There were also many full size equestrian statues founded in this metal, that of George I., until 1874 in Leicester Square, was one of these, and like the last it was brought from Canons, the celebrated house of the Duke of Chandos at Edgware, dismantled about 1747. The George I. resembled Le Sieur’s statue at Charing Cross and was known as the Golden Horse, for the whole was gilt, as many of the statues seem to have been at Canons, in that garden where, according to Pope, “The trees were clipped like statues—the statues thick as trees.”

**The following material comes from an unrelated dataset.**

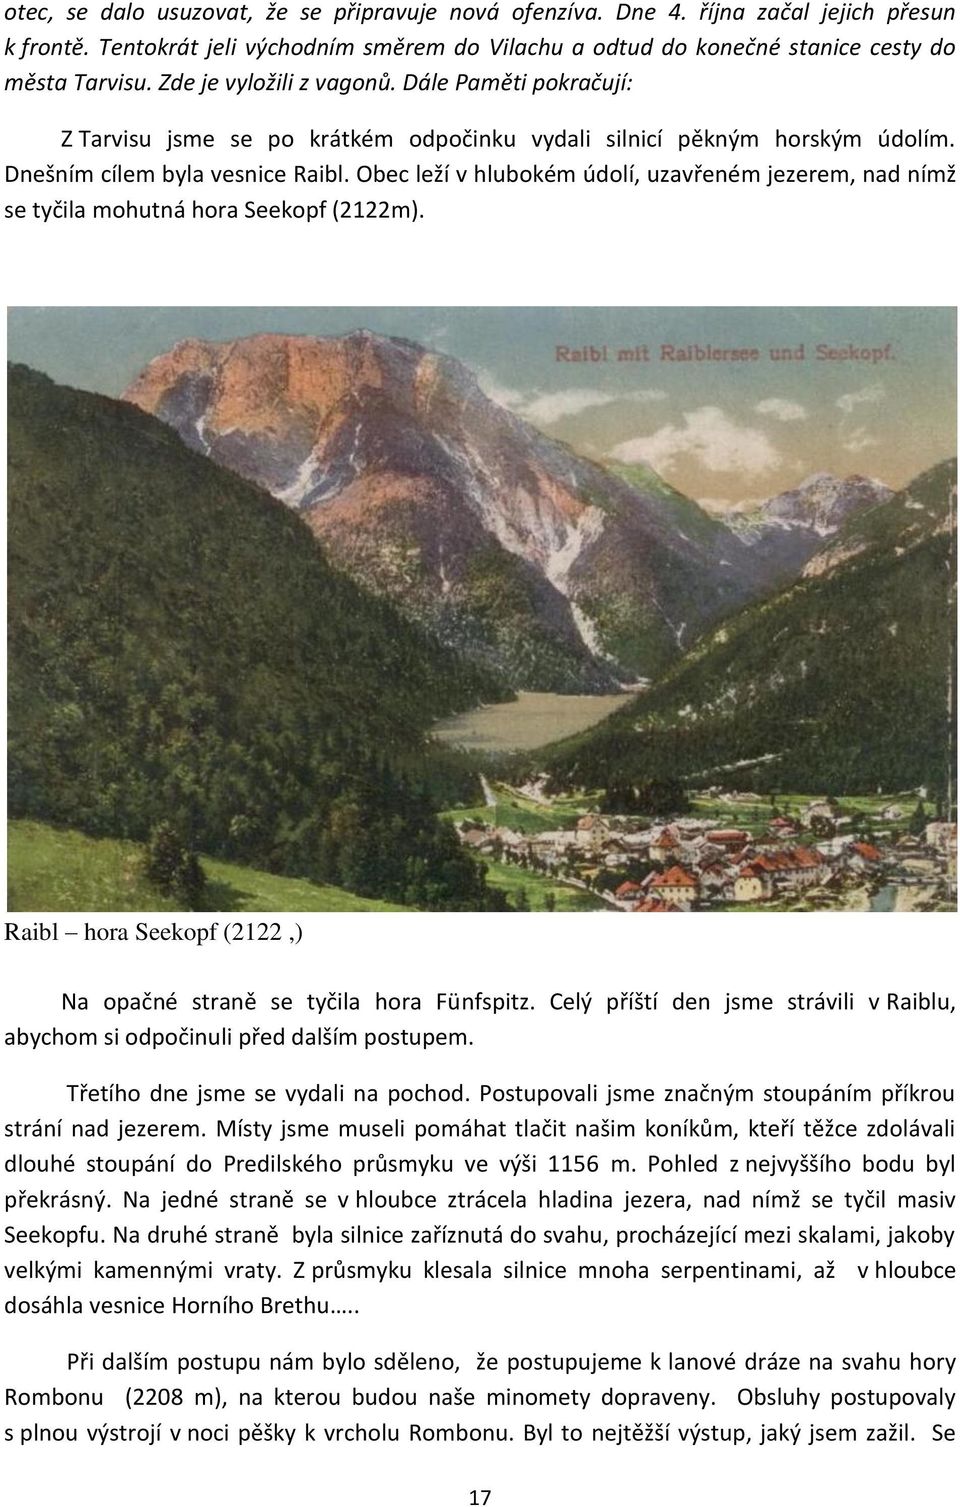 Obec leží v hlubokém údolí, uzavřeném jezerem, nad nímž se tyčila mohutná hora Seekopf (2122m). Raibl hora Seekopf (2122,) Na opačné straně se tyčila hora Fünfspitz.

The statue of William of Orange at Dublin is another of these, and it is celebrated alike in political demonstrations and Catholic polemics. Cardinal Newman wrote of it, “The very flower and cream of Protestantism used to glory in the statue of King William on College Green, Dublin, and though I cannot make any reference in print I recollect well what a shriek they raised some years ago when the figure was unhorsed. Some profane person one night applied gunpowder and blew the king right out of his saddle, and he was found by those who took interest in him, like Dagon, on the ground.”
Yet another equestrian statue is that of Charles the Second at Edinburgh, set up by the magistrates of the city in Parliament Square, in honour of the restoration of the king. A writer in the Athenæum for April 13th, 1850, speaks of it as the “finest piece of statuary in Edinburgh,” and urges the suitability of lead for the purpose. “In Black’s Guide through Edinburgh it is spoken of as the best specimen of bronze statuary which Edinburgh possesses; it is, however, composed of lead. Now this leaden equestrian statue has already without sensible deterioration stood the test of 165 years’ (in 1850) exposure to the weather, and it still seems as fresh as if erected but yesterday.” Some years before this, one of the interior irons having given way, a part of the shoulder sank a little and it was taken down and repaired and sufficiently proved to be lead. Taking the figures above, it appears that the date of this work is 1685.
Mr. James Nasmyth also wrote to the Athenæum, June, 1850, “to confirm as a practical man the perfect fitness of lead” as a substitute for bronze, and to recommend the cire perdu method of casting, at that time discontinued in England; the process being to model the statue in wax on a solid core, to cast in plaster the finished wax model, and then to melt out the wax from this plaster mould, the space which it occupied being refilled with lead. Of course only one cast can be obtained in this way, whereas the old decorative statues spoken of later were cast in a piece mould and reproduced again and again.
“The addition (still quoting) of about five per cent. of antimony will give it not only greater hardness but enhance its capability to run into the most delicate details ... it is in every sense as durable as bronze when subject simply to atmospheric action.”
We shall see that an addition of block tin was made to the lead by the old figure founders. Type metal, which is so much harder than lead, is an alloy of lead and 1⁄4 to 1⁄3 of antimony, or of two parts of lead to one of tin and one of antimony.
In the courtyard of Houghton Tower, Lancashire, there is a statue of William III. brought from the dismantled Walton-le-Dale in 1834.
The statues decorating the parapets of the large “classic” country houses are at times of lead; there are five of these at Lyme in Cheshire. Over the portico of the Clarendon at Oxford there are four of these statues representing the sciences. Until recently there was a figure of King James high up in a niche at the Bodleian.
The figures of the good little boy and girl common at charity schools are also often of lead. The great Percy lion that surmounted old Northumberland House at Charing Cross (destroyed twenty years ago) is now on the river front of Syon House; it weighs about three tons, and it was placed in its original position in 1749. The lion on the bridge at Alnwick is also of lead, as the little boy found to his cost who climbed out on its tail.
There are a series of lead busts in oval panels on the front of Ham House, Petersham, Surrey, 1610 being the date of its erection.